While we were about to plan the day’s festivities, a stranger walked through my open door (one day, I’d have to shut it), and declared himself the inventor of a new flush-toilet which, he said, would revolutionise the sanitary habits of the town. We were still living in the thunderbox era, and only the very rich could afford Western-style lavatories. My visitor showed me diagrams of a seat which,
he said, combined the best of East and West. You could squat on it, Indian-style, without putting too much strain on your abdominal muscles, and if you used water to wash your bottom, there was a little sprinkler attached which, correctly aimed, would do that job for you. It was comfortable, efficient, safe. Your effluent would be stored in a little tank, which could be detached when full, and emptied—where? He hadn’t got around to that problem as yet, but he assured me that his invention had a great future.

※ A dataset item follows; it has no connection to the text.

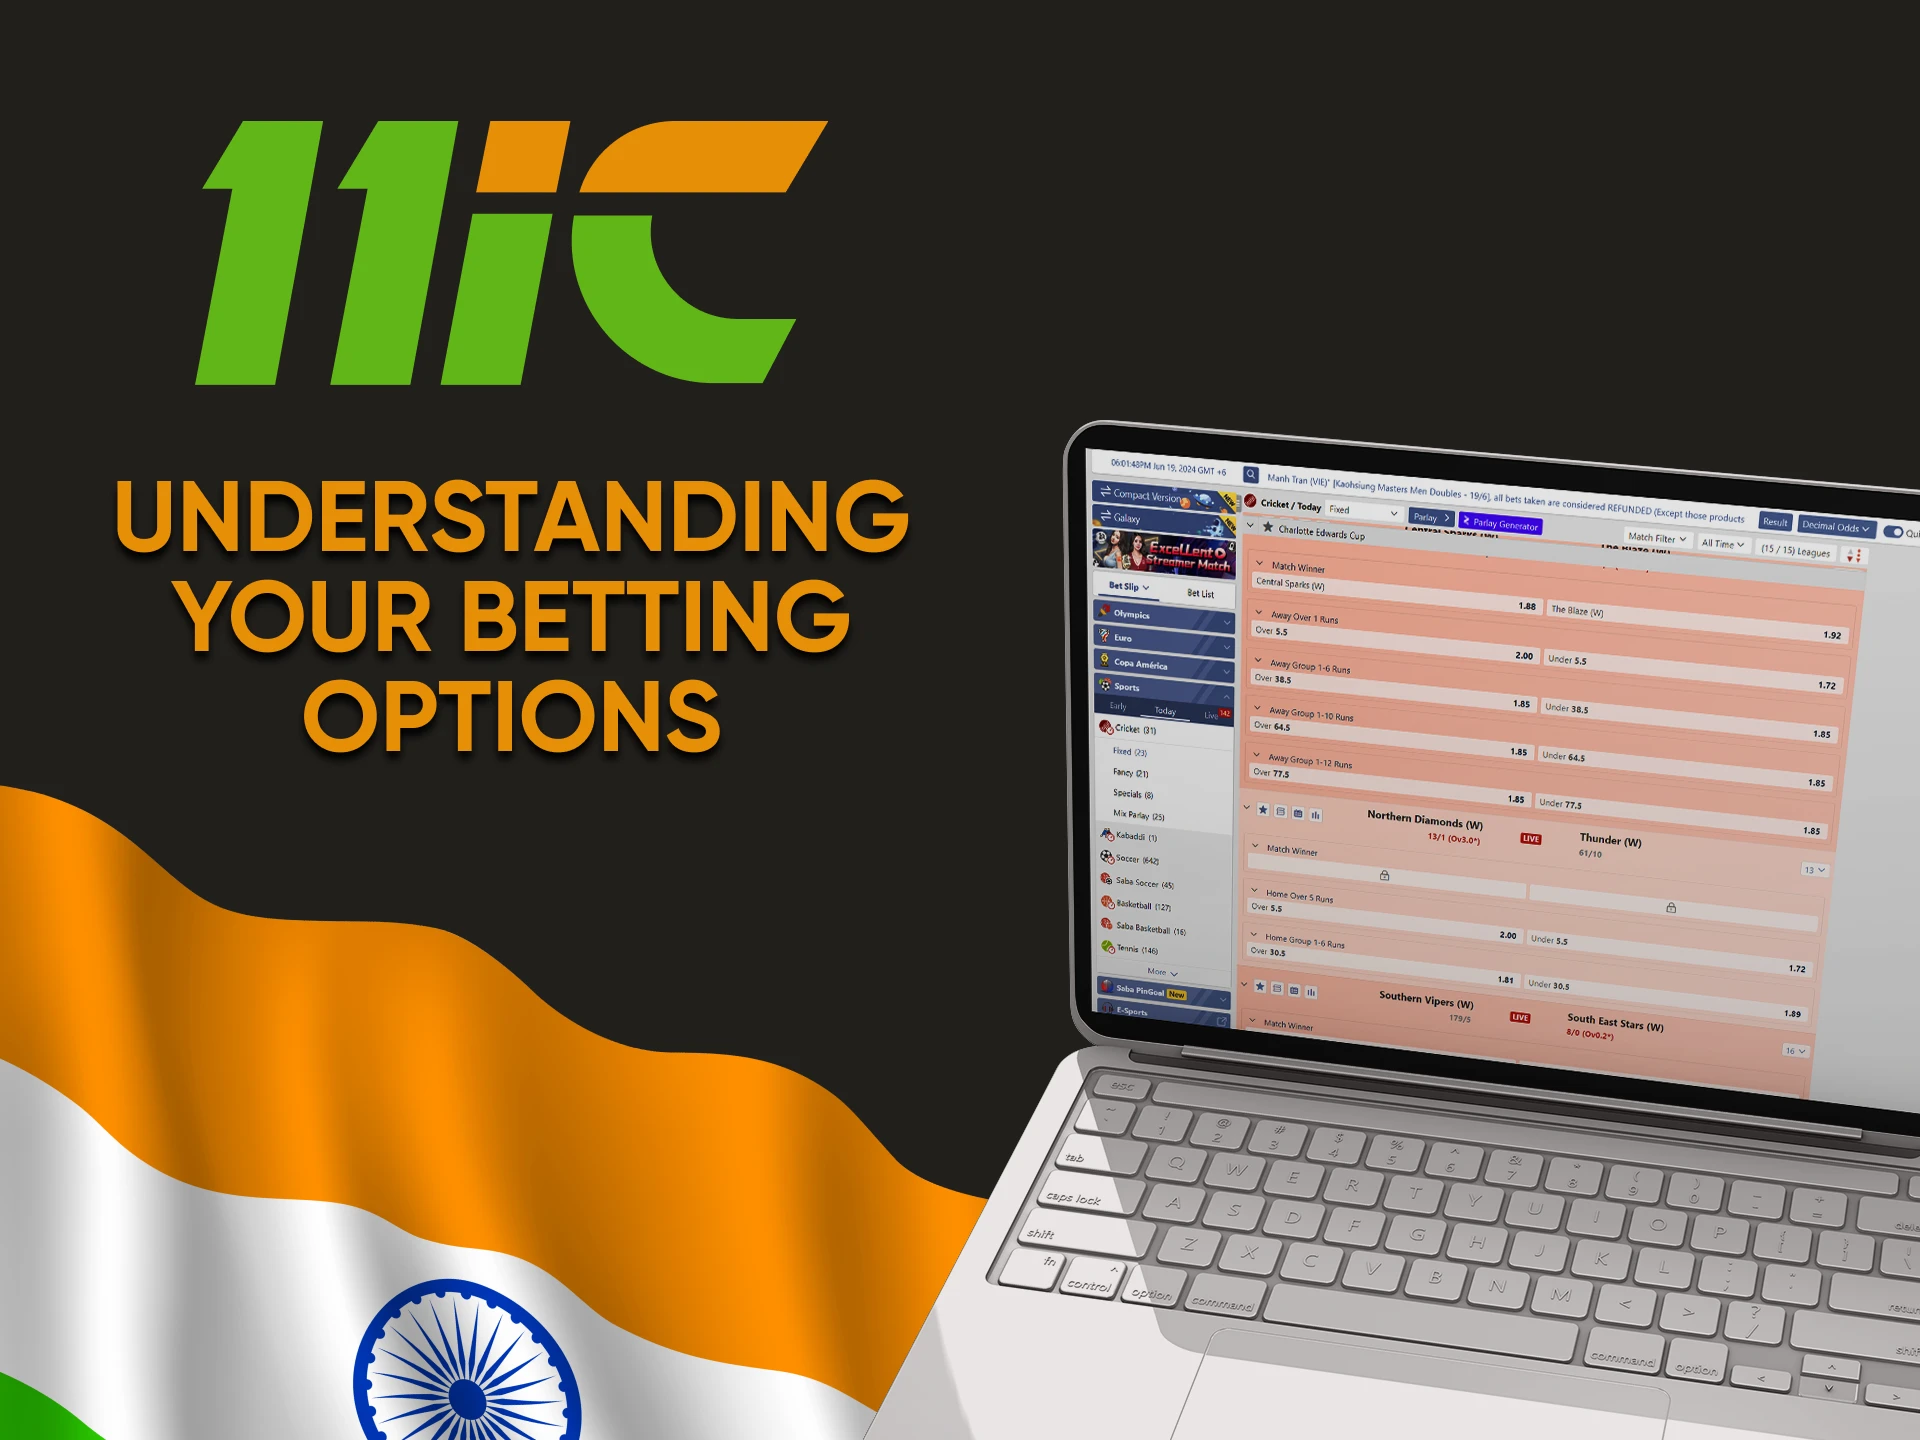 Explore sports and betting options on 11ic.

‘But why are you telling me all this?’ I asked, ‘I can’t afford a fancy toilet-seat.’
‘No, no, I don’t expect you to buy one.’
‘You mean I should demonstrate?’
‘Not at all. But you are a writer, I hear. I want a name for my new toilet-seat. Can you help?’
‘Why not call it the Sit-Safe?’ I suggested.
‘The Sit-Safe! How wonderful. Young Mr Bond, let me show my gratitude with a small present.’ And he thrust a ten-rupee note into my hand and left the room before I could protest. ‘It’s definitely my birthday,’ I said. ‘Complete strangers walk in and give me money.’
‘We can see three films with that,’ said Sitaram.